Most of the claims in this paper are clear and convincing, but I still have some concerns: Modeling the drift factors $Z^d$ may not be necessary. In the structural cause model, the drift factor $Z^d$ and the dynamic factor $Z^{dy}$ are very similar. They are both affected by the local variable L and they both affect the label Y, which means that their distributions both shift as L changes, and $Z^d$ can be viewed as a dynamic factor.

方法与评估标准

In Eq. (1), $z_{<t}^{dy}$ is the condition for the prior distribution and the posterior distribution of the dynamic factor $z_t^{dy}$ , but we do not know the prior distribution $p(z_{<t}^{dy})$ when we infer the posterior distribution of $z_t^{dy}$ . I think the true posterior distribution of $z_t^{dy}$ is $q_{\theta}(z_{t}^{dy}|x_{<t})$ or $q_{\theta}(z_{t}^{dy}|x_{≤t})$ .
Eq. (3) minimizes the mutual information between static and dynamic representations to disentangle $z^{st}_t$ and $z^{dy}_t$ , but Eq. (8) maximizes their mutual information to align static and dynamic representations of the same category within the domain.

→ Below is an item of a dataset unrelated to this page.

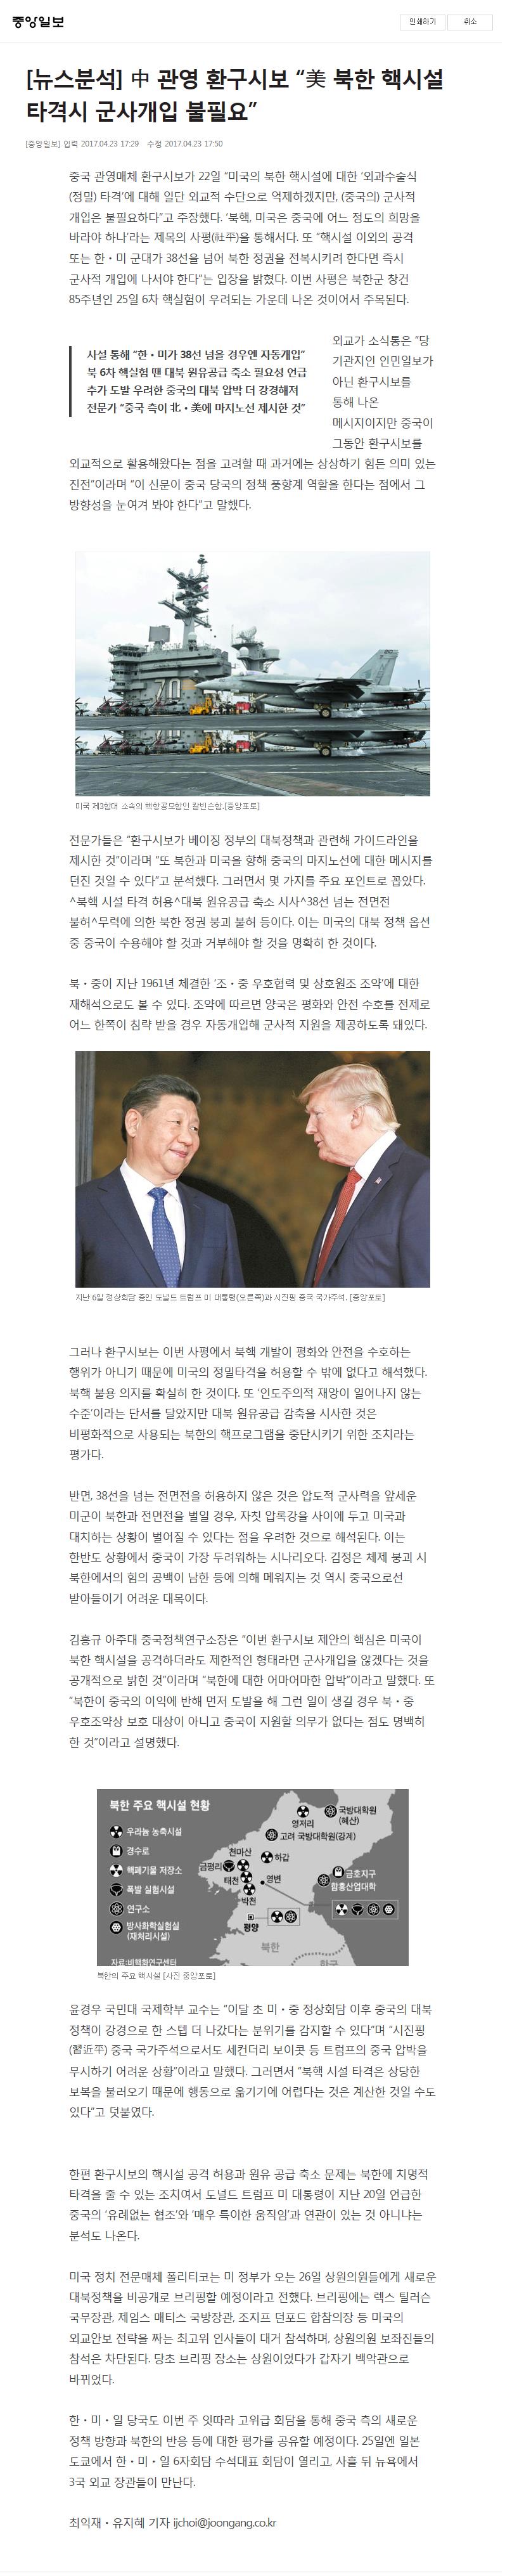 중앙일보- 뉴스분석.JPG

These two goals seem to be in complete conflict.
Eq. (11) uses the label $y_t$ to learn the drift factor $z^d$ , and then $z^d$ is used to predict the label $\hat{y}_t$ . There can be serious information leakage, because the true label and the predicted label may be directly correlated by the model. In extreme cases, the drift factor learned by the model may be invalid.

理论论述

I have checked the proofs of Proposition 3.3 and Theorem 3.6 provided in this paper, and the proof of Theorem 3.6 May be wrong. Taking the true label as the model input can cause the true label and the predicted label to be directly associated by the model and cause the model to learn invalid representations.

实验设计与分析

I have checked the experimental designs and analyses of this paper, including the predicted performance comparison experiment of all algorithms on all datasets, and the ablation experiments of SYNC on the RMNIST dataset. This paper also shows the decision boundary of the algorithms, the change of decision accuracy in different domains and the independence of dynamic and static representations. Although the authors present a large number of results, I still have some concerns:

This paper only shows the results of the algorithms in the last few domains. The results of the algorithms in all domains need to be compared to demonstrate the generalization ability of SYNC in different domains.
Figures 5 and 6 compare the results of only a few algorithms, and these algorithms are not the best baselines for the corresponding datasets. Please show the results of other baselines, or explain the reasons for presenting results from only those baselines.

补充材料

I have reviewed the sections "Theoretical Details" and "More Experimental Details" in the supplementary material.

与现有文献的关系

This paper attempts to solve the problem of modeling spurious associations between data and targets across domains. Prior to this, LSSAE and MMD-LSAE had attempted to model evolving patterns.

遗漏的重要参考文献

N/A

其他优缺点

Strengths：

This paper is important for the study of evolving domain generalization. It introduces causal learning to solve the problem of spurious correlation between data and targets modeled by existing models.
This paper is innovative to some extent, introducing mutual information to constrain the model to learn dynamic and static representations.

Weakness：

The contribution of this paper to solving spurious associations is limited. Although this paper proposes a structural causal model that divides potential factors into causal and spurious factors, this paper uses mutual information to constrain the model to disentangle dynamic and static representations, without disentangling causal and spurious factors. Therefore, whether the proposed model solves the spurious association needs further proof.
The method in this paper is not reasonable. For example, the posterior distribution of $z^{dy}_t$ in Eq. (1) is conditional on unknown variables, Eq. (3) and (8) conflict, and Eq. (11) has label information leakage.
The experimental results in this paper are incomplete. Authors should present the results of algorithms in all domains of the dataset, and should highlight the results compared to the optimal baseline under different datasets.

其他意见或建议

There are some symbol errors in the paper that need to be corrected. For example, $Z^{gc}$ and $Z^{lc}$ in the formula below definition 3.1 and “variant E” in the ablation study.

作者回复

2025-04-01

Q1. Modeling the drift factors may be not necessary.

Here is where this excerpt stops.